For all its romance, the phrasing here emphasizes all the harsh realities of the sentiment. Love as social capital, as escape from poverty. Love as the snare that creates a woman as she exists in the world; love as what binds a person with womanhood, binds her to a man.
At the same time, though, I can't help but think about Courtly Love Undressed by E. Jane Burns, which cites "Throwing Like a Girl" by Iris Marion Young in its third chapter. The ideas I'm bringing up are moreso Young's, but the Burns book was my real introduction to the politics of heterosexual romance, even if the book itself is tied up (sewed up?) in the laughably nonsequitur topic of French courtly love song in the High Middle Ages. It treats on the many ways women, fictional and real, utilize clothing—gifting it, sewing it, donning it—as ways to move into a the position of "amorous subject" rather than fetishized object or mirror for a man's desire.
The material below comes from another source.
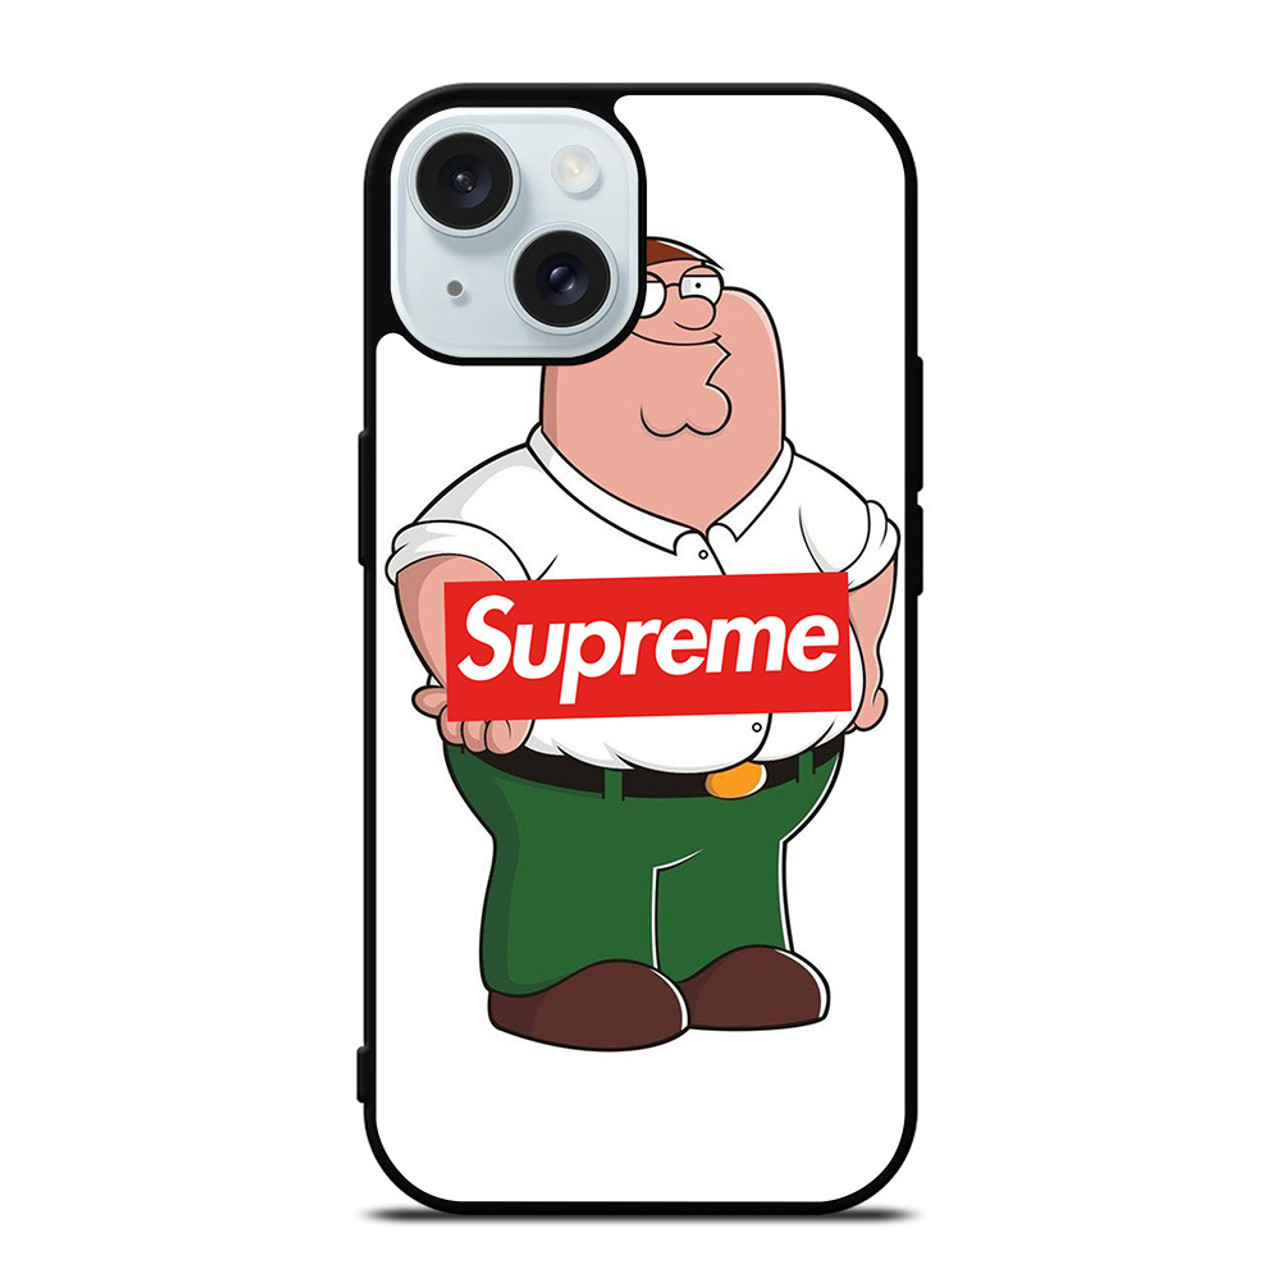 Supreme Fun iPhone XS Case

And I think about that a lot. I think about becoming a subject that experiences the world rather than an object to whom things happen.
Becoming a subject is empowering, but it is also humiliating, as is described in tales of courtly love. Male suitors are wretched. They are often described (or describe themselves) as trapped or wounded by their female lover who spurns them. But the woman remains disadvantaged by her lack of interiority: often she wounds or kills her amors by doing nothing at all but be beautiful.
(Obviously this isn't always the case, or else Courtly Love Undressed wouldn't exist lol)
I'm sure there are nuances to this. But I am starting to fashion myself as an "amorous subject" these days, as someone who experiences all this humiliation, but also as someone who experiences the pride of unselfish feeling, the real delight of living in a body. The joy of being a woman looking away from herself.
I want more than anything else to be loved and desired—but—isn't loving and desiring so much more fun, so much more fulfilling and exciting? It's hard work but it makes me feel like a person. It makes me feel real. And love is a complicated, political thing. Loving and otherwise feeling doesn't exist in a vacuum for anyone, and especially for women. But that subject position can be one facet of it, right?